2026/2/10のレジデントデイは、ポートフォリオ検討を行いました。


症例1 患者中心の医療
50代男性。尿失禁・便失禁・食欲不振を主訴に来院。アルコール使用障害が原因と考えられた。心理的要因・社会的要因に調べた。社会との関わりが少なく抑うつ気分になり、飲酒につながっていた。飲酒でさらに社会から遠ざかるという悪循環になっていた。飲酒習慣をめぐって母と対立することも抑うつ気分の原因になっていた。患者の話を傾聴し、患者の感情や価値観を否定しないように努力した。
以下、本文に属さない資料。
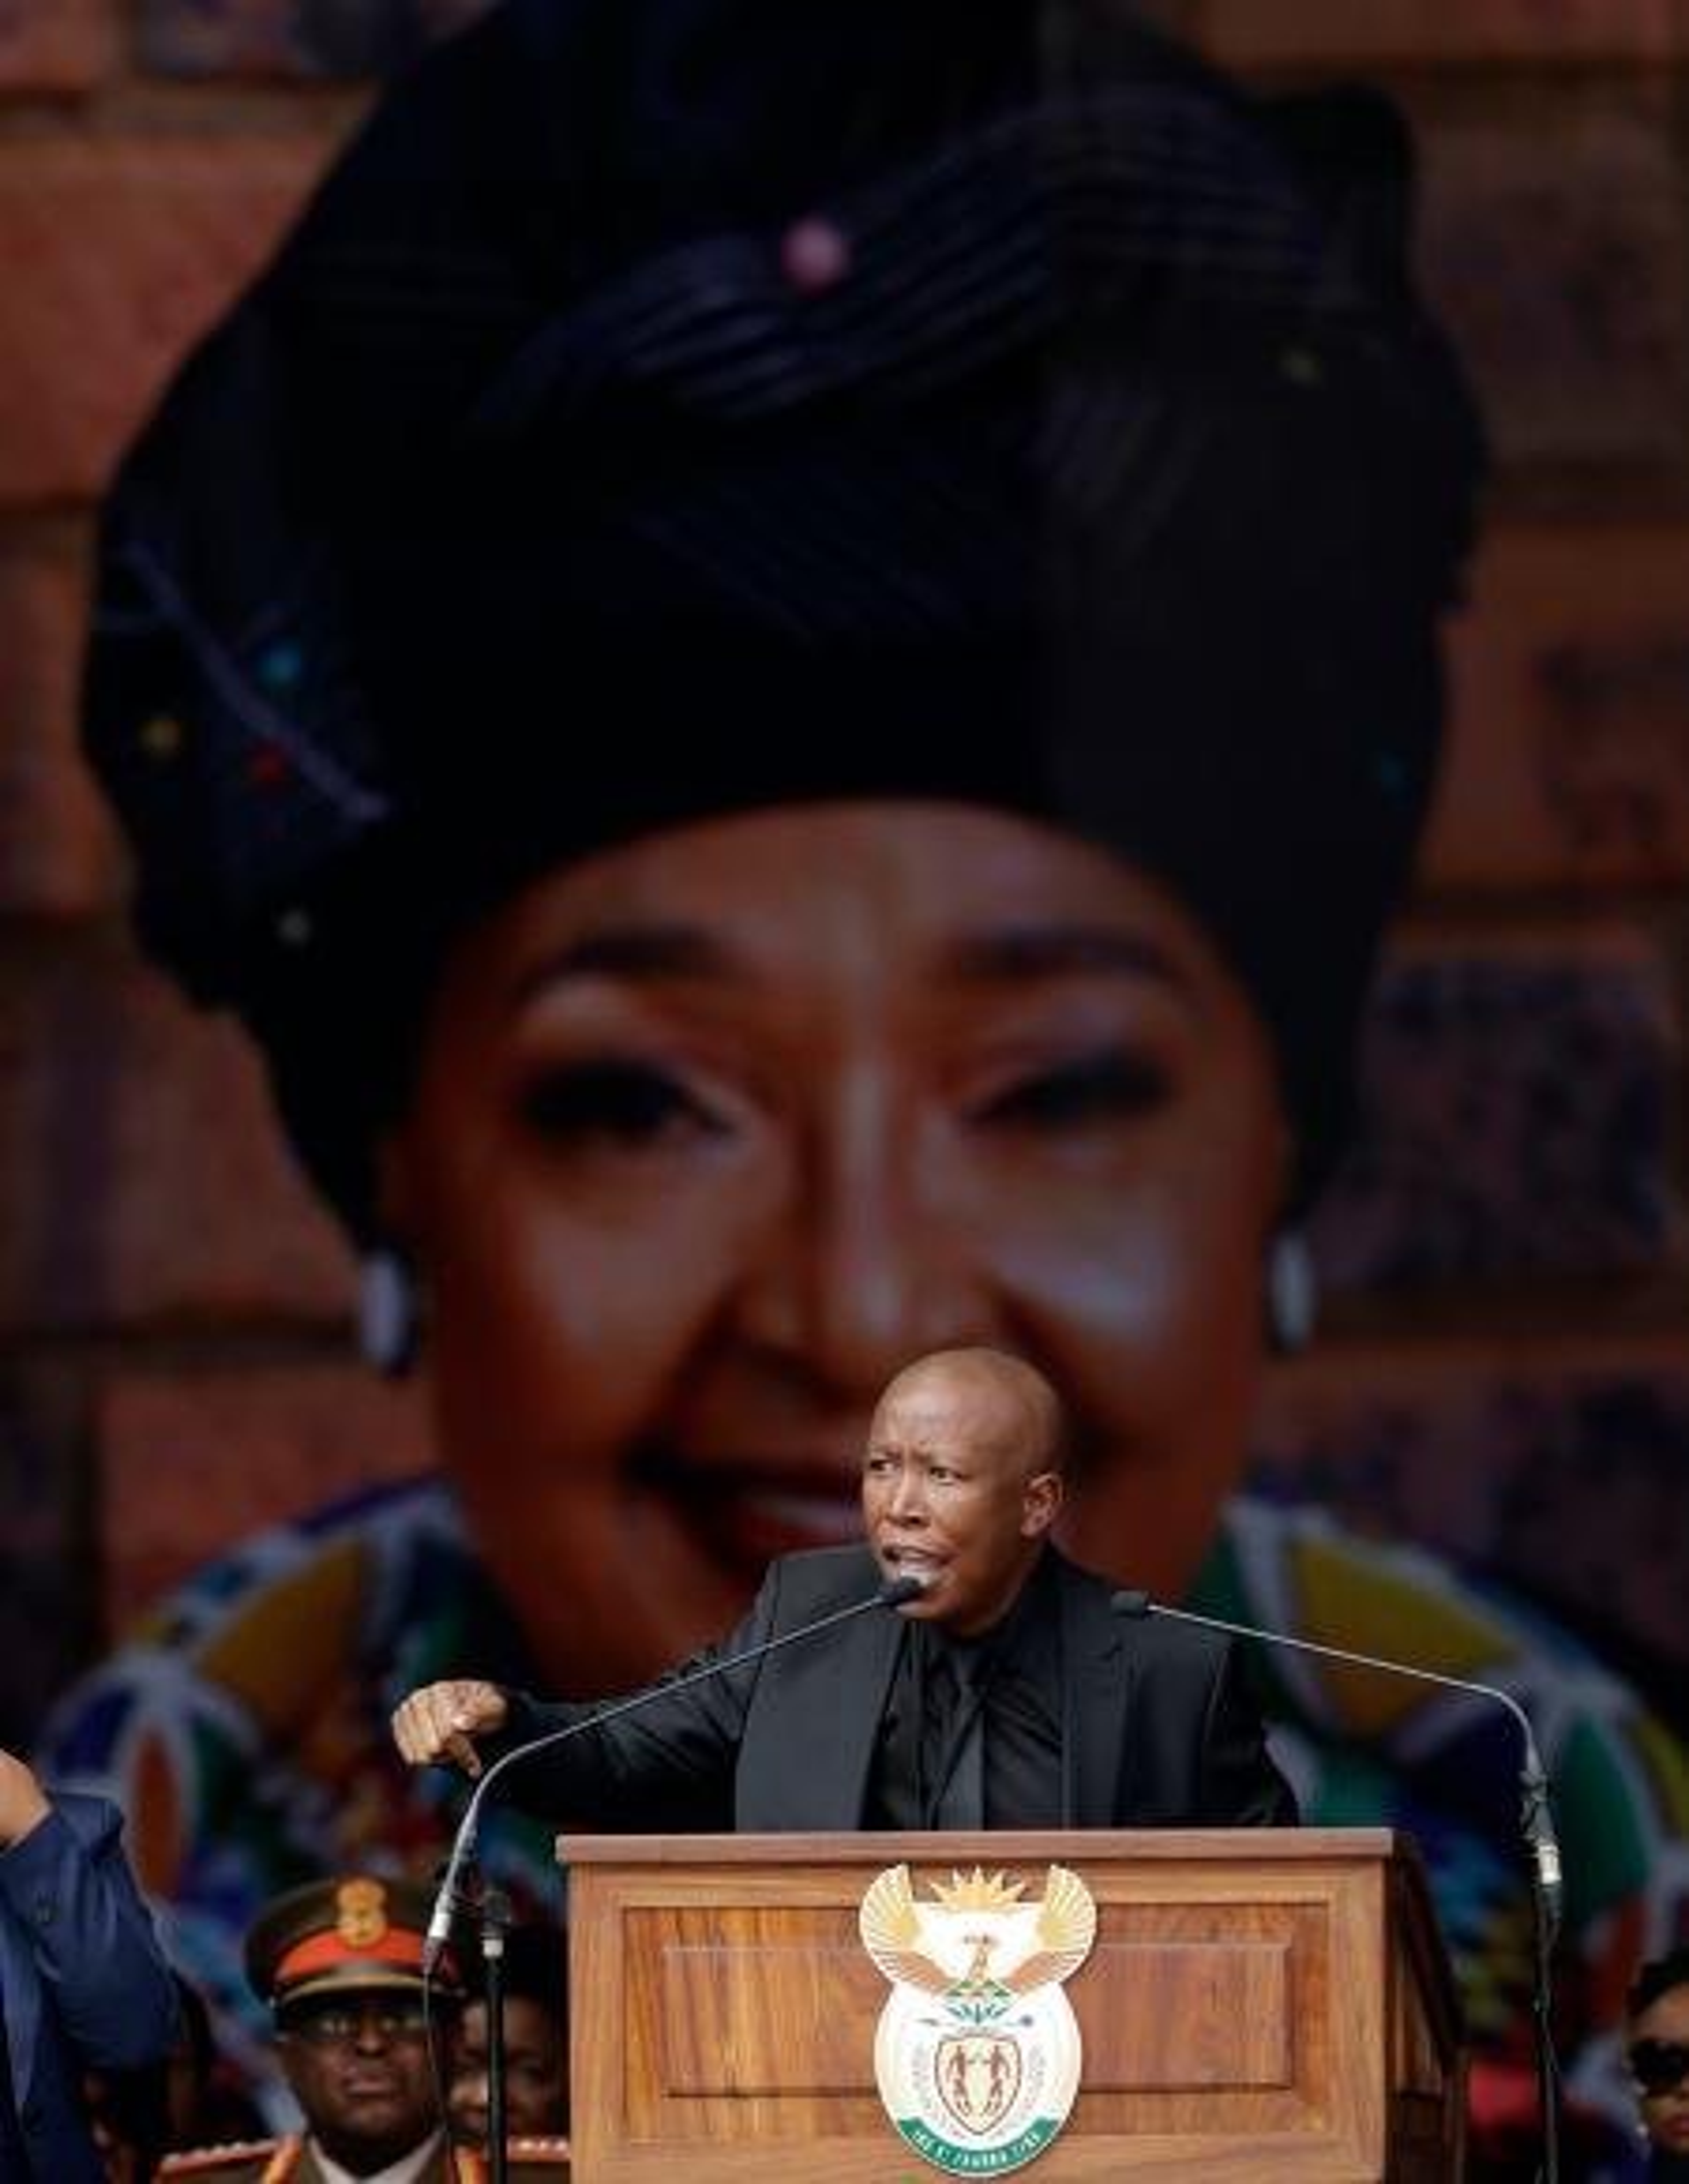 Winnie Mandela Funeral: Anti-apartheid icon's death reveals apartheid campaign of misinformation
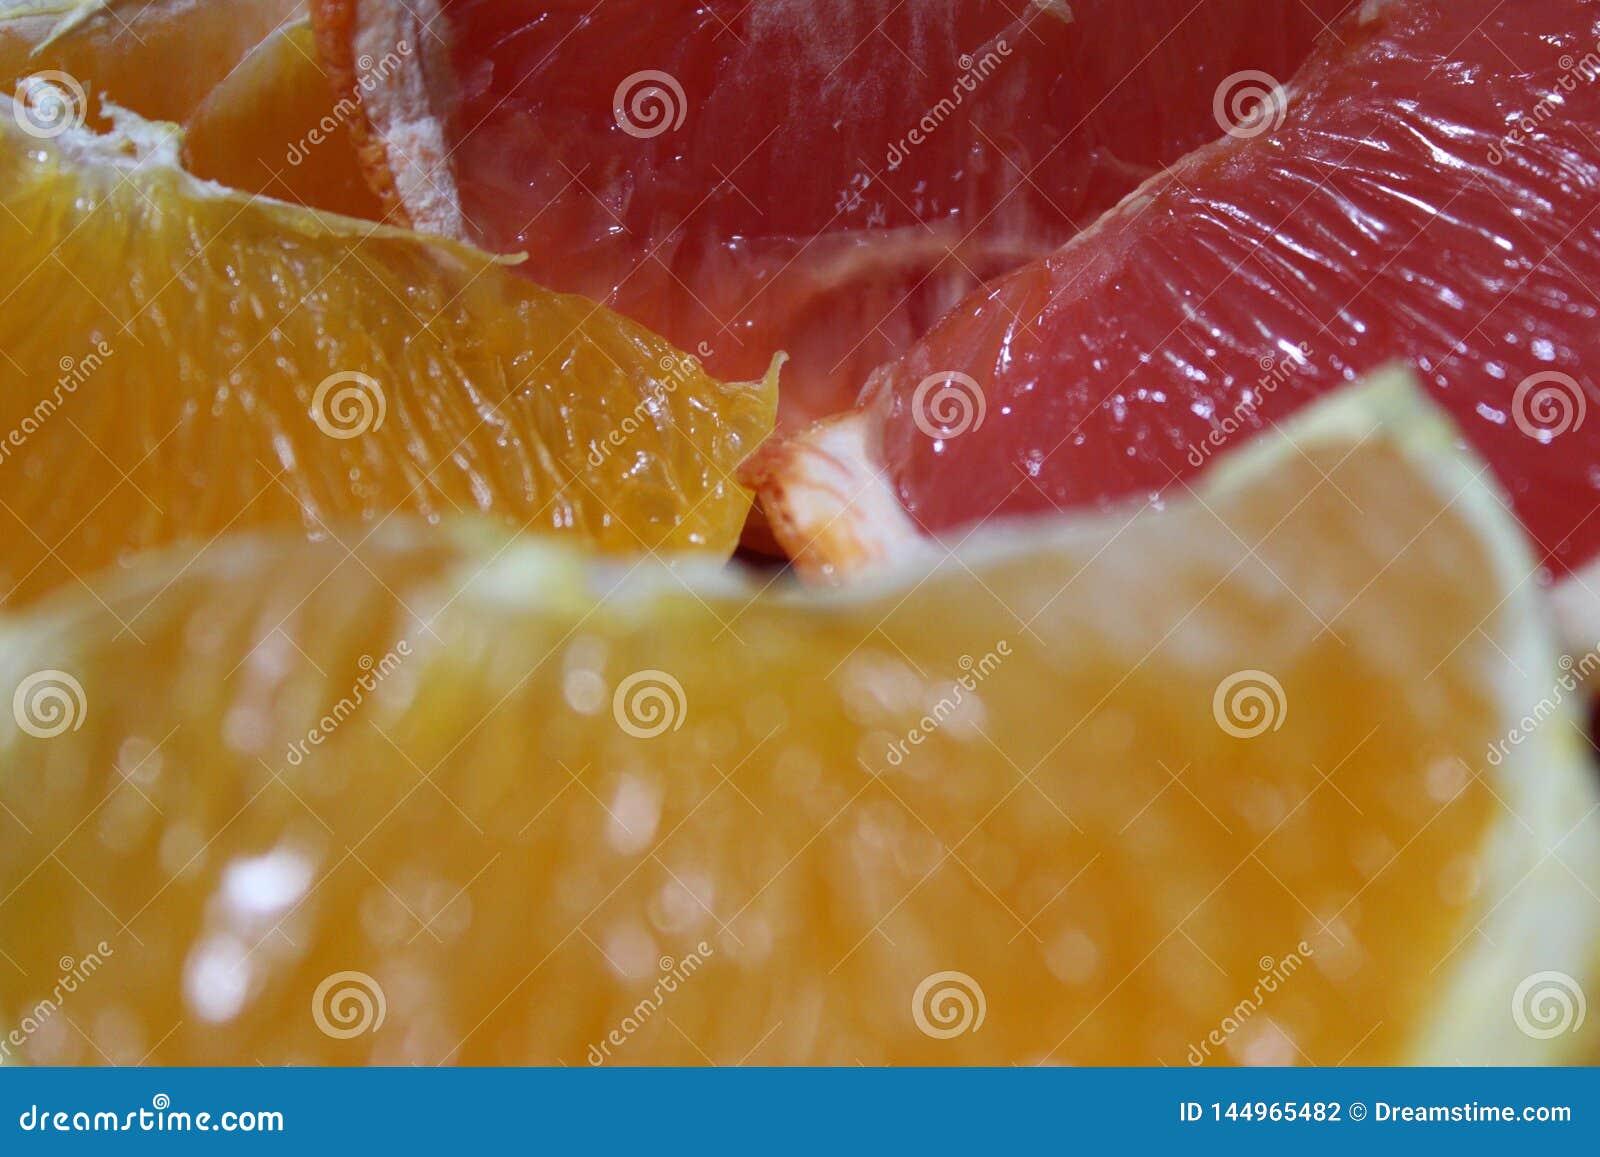 Close up of Oranges and Grapefruit

患者は飲酒の専門治療を受けることに合意した。
フィードバックの一部:
・感情・期待・解釈・影響の定義を理解すること
・共通の理解基盤を形成する際に、どのような問題の定義や役割の決定があったか
・家族がどう思っているかも記載するほうがよい
・行動変容があった場合、何がきっかけだったか意識すること
症例2 多疾患併存
80代男性。当院から訪問診療中。うっ血性心不全(HFpEF)に対して体重・胸水等をみながら薬剤調整している。低カリウム血症:血液検査にてレニンとアルドステロンは低値。カリウムが低いのはアルドステロンが理由ではない。カリウム錠剤を投与している。その他、治療中の疾患に、貧血、2型糖尿病、血小板減少症、高血圧症、認知機能低下、脳梗塞等がある。
ディスカッションであった指摘の一部:
・HFpEFに対して初めからSGLT2阻害薬を使うことはおかしくない。
・HbA1cは様々な影響を受ける。例えば、HbA1cが下がっていて、まるで糖尿病が改善したようだったが、Hbが下がっていたからそう見ていただけということがありうる。
・浮腫と血管内脱水は同時に起こる可能性があるので、浮腫に対して利尿をかける時はそのことに注意が必要。